Magicicada septendecim, like its 6 congeners, has an unusual and specific life cycle. They live, as nymphs, just underground, feeding on tree-root fluids. Then, one spring evening when the soil temperature is just right (above 17.9°C, fact fans) they emerge. All of them. At once.
I’m trying to imagine witnessing this phenomenon. Billions of insects, at a density of a million per acre, rising from the soil and marching doggedly to the tops of trees, there to cast off their nymphoid garb, assume their adult form, mate, lay eggs and die.
They don’t all make it. Many are eaten by predators: turtles, birds, squirrels and such like, all presumably thanking the gods for the surprise presentation of a once-in-a-lifetime all-you-can-eat buffet, even if it is a set menu comprising just one item.
But the predators are soon sated, and many cicadas remain. The survivors breed, the females cutting tiny slits in the bark of twigs, where they deposit the eggs. A couple of months later the eggs hatch, drop to the floor, and burrow into the soil to start the cycle again.
The remarkable thing about this isn’t just that the cicadas have such a long life cycle and emerge all at once, although that in itself is notable – all other cicada species except the Magicicada genus appear annually. No, what’s truly remarkable is the timing. Periodical cicadas (as they’re known) appear either every 13 or 17 years.
Those are odd numbers, aren’t they? Not just ‘odd’ as in ‘odd and even’, but ‘odd’ as in ‘peculiar, strange, abnormal’. And very specific. You’ll already have noticed that they’re both prime numbers, and therein lies the key.
Abundance of prey stimulates predator population size. Stands to reason. A bird with a yen for cicadas would thrive if there were cicadas on tap. From the cicada’s point of view, they want to avoid cicada-eating birds. One way of doing this is by having a long life cycle; another is for that cycle to be a prime number.
Imagine these cicadas emerged every 12 years. On their emergence they could be predated by any animal with a life cycle matching theirs – so anything with a 2-, 3-, 4- or 6-year cycle, those being the factors of 12. By adopting a prime-numbered cycle they reduce that risk.
The cicadas don’t know this, naturally. They just follow their genetic instructions to ensure the continuation of the species.
Cicadas can’t count; evolution can.
So here’s the thing. The reason this is a big year – huge – for periodical cicadas is concisely summarised here on the University of Connecticut’s website, where you can learn everything you ever wanted to know – even if you didn’t realise it – about periodical cicadas. These are the key points:
For the first time since 2015 a 13-year brood will emerge in the same year as a 17-year brood.
For the first time since 1998 adjacent 13-and 17-year broods will emerge in the same year.

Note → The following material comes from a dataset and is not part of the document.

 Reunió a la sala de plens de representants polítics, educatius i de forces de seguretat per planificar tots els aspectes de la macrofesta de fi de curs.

For the first time since 1803 Brood XIX and XIII will co-emerge.
You will be able to see all seven named periodical cicada species as adults in the same year, which will not happen again until 2037. You will not see all seven named species emerge in the state of Illinois again until 2041.

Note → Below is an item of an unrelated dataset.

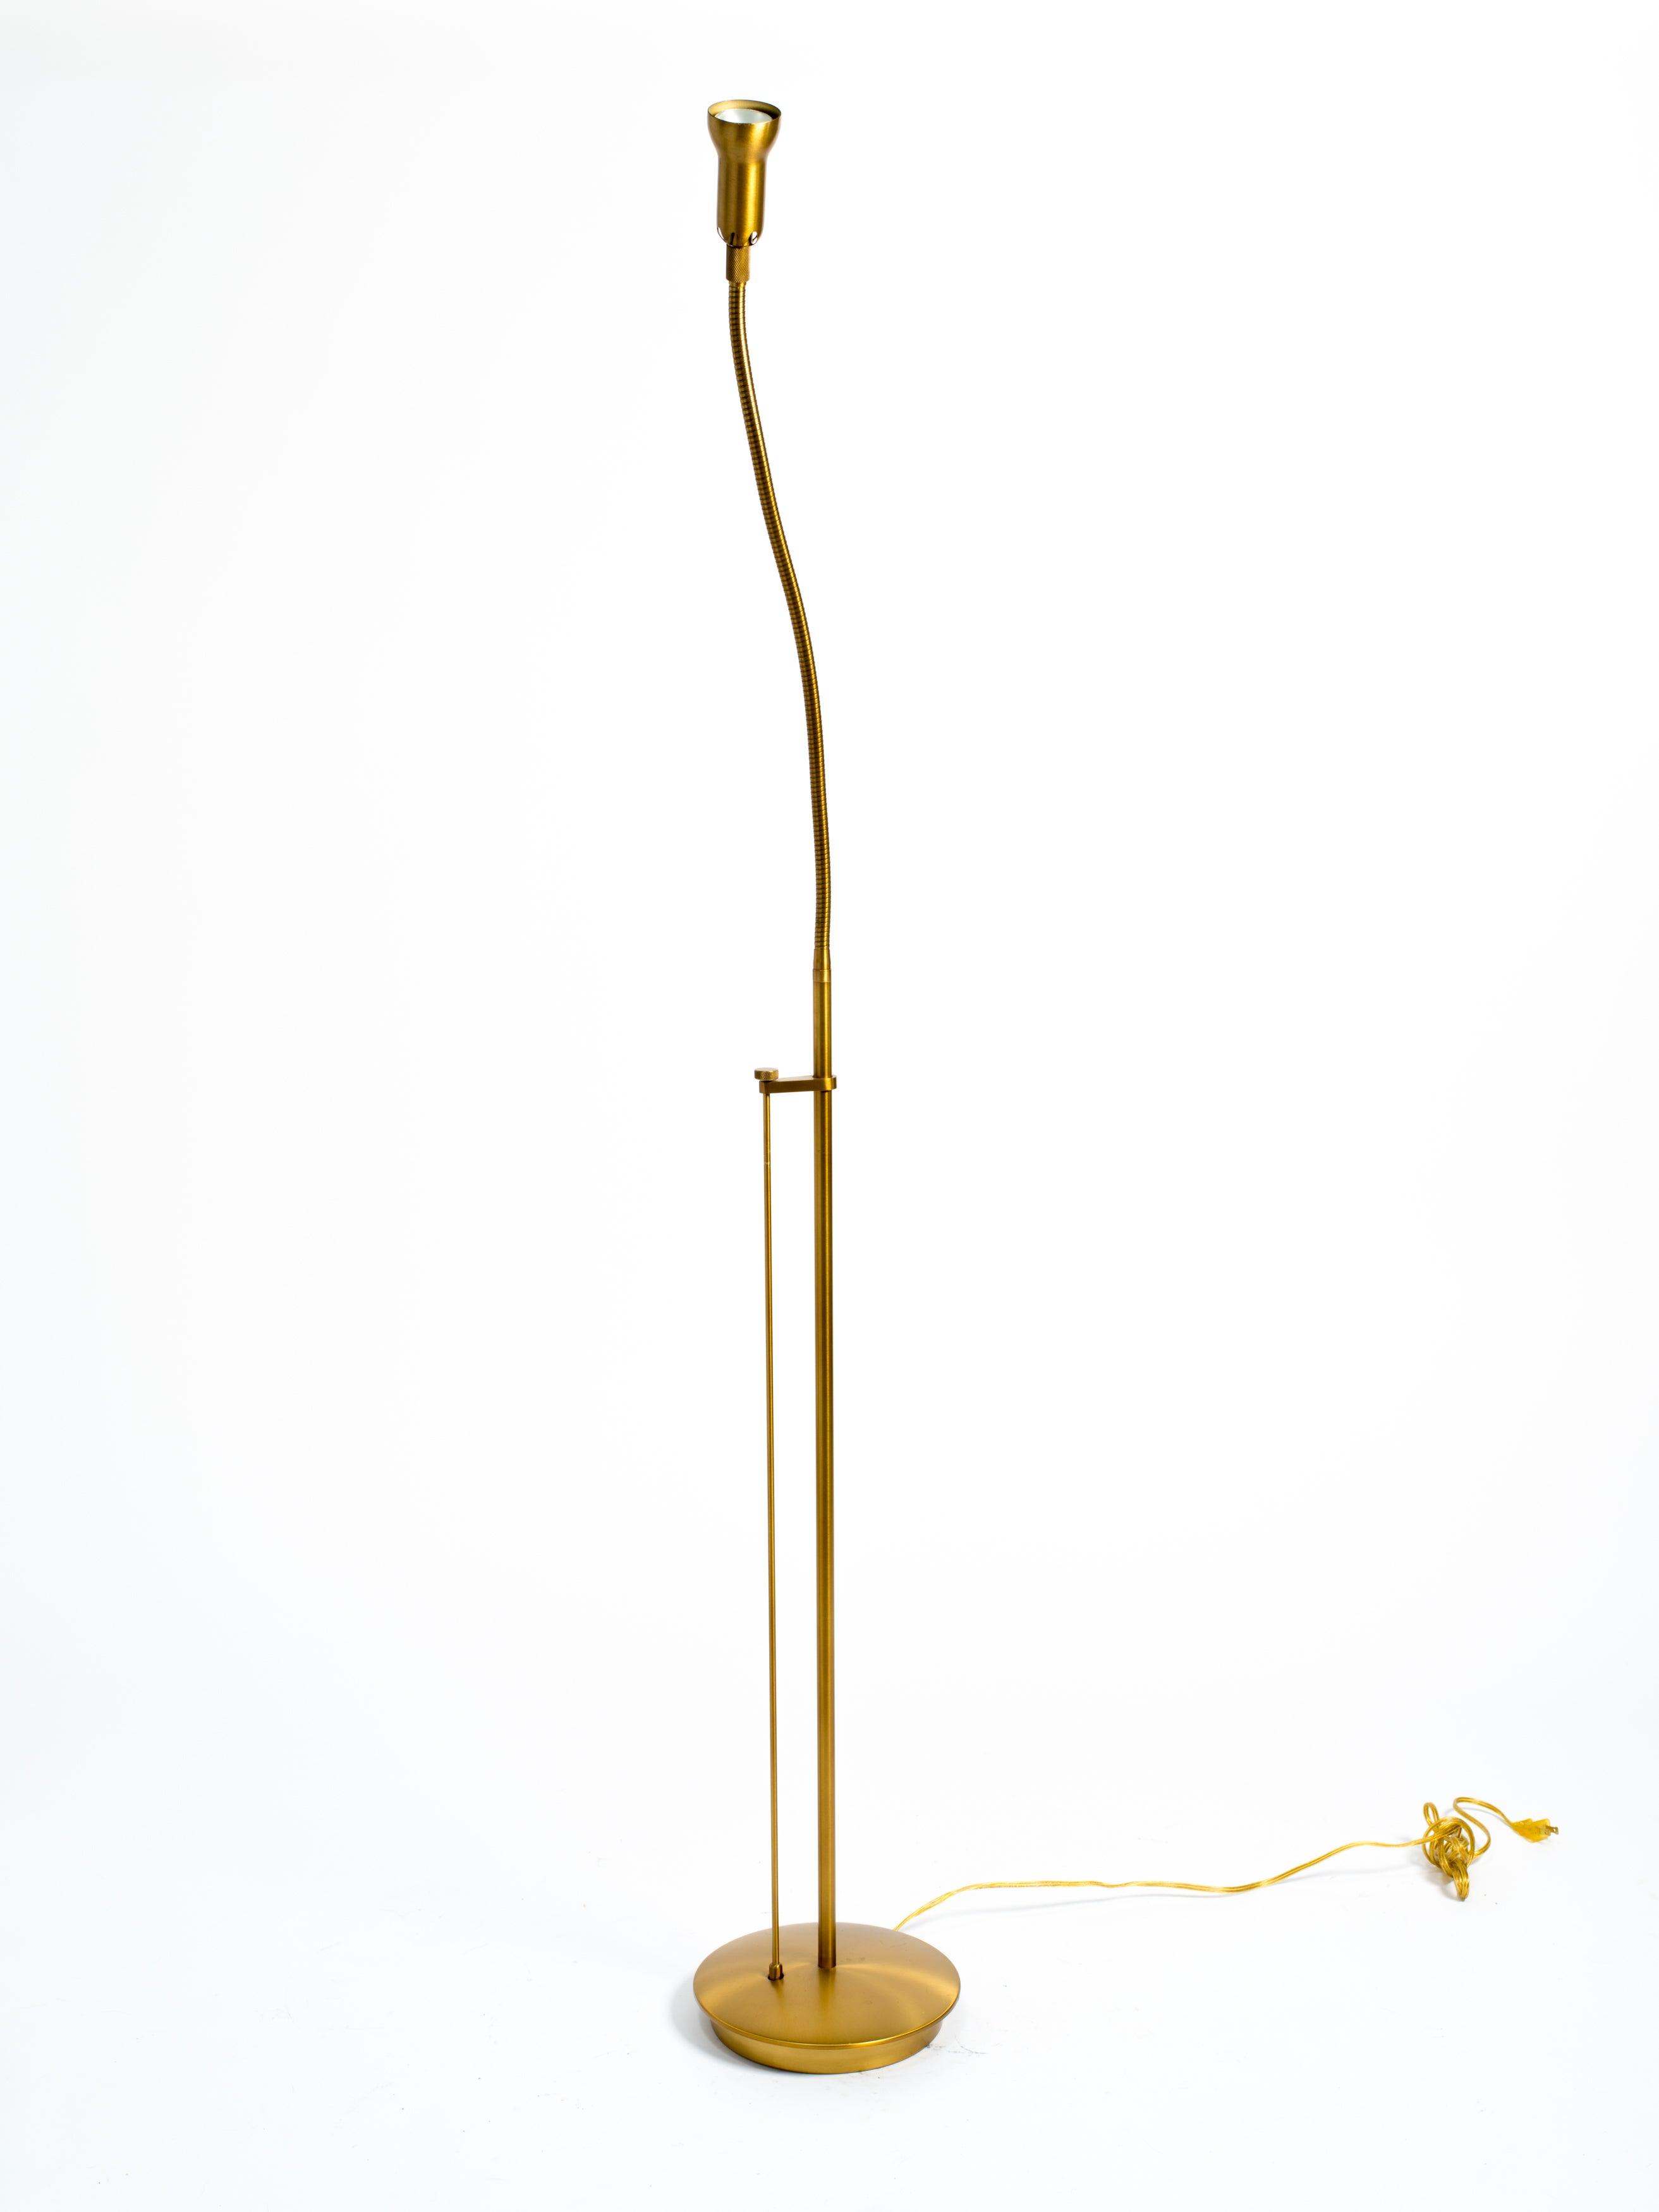 Brass Gooseneck Floor Lamp For Sale At 1stdibs

Brood XIX, if you’re wondering, is also known as ‘The Great Southern Brood’, and covers a large swathe running from Maryland down to Georgia in the east, and from Iowa to Oklahoma in the Midwest. Brood XIII is known as ‘The Northern Illinois Brood’.
Slightly disappointingly, I read that “13-year Brood XIX and 17-year Brood XIII do not overlap to any significant extent. They may co-occur in patches of woods, but these patches will be small in size.”
If you’re having trouble imagining what this spectacle looks like, Attenborough is, as always, on hand to show us.
Thing 2– Eclipse
If it’s a big year for cicadas, it’s also a big year for the sun and the moon.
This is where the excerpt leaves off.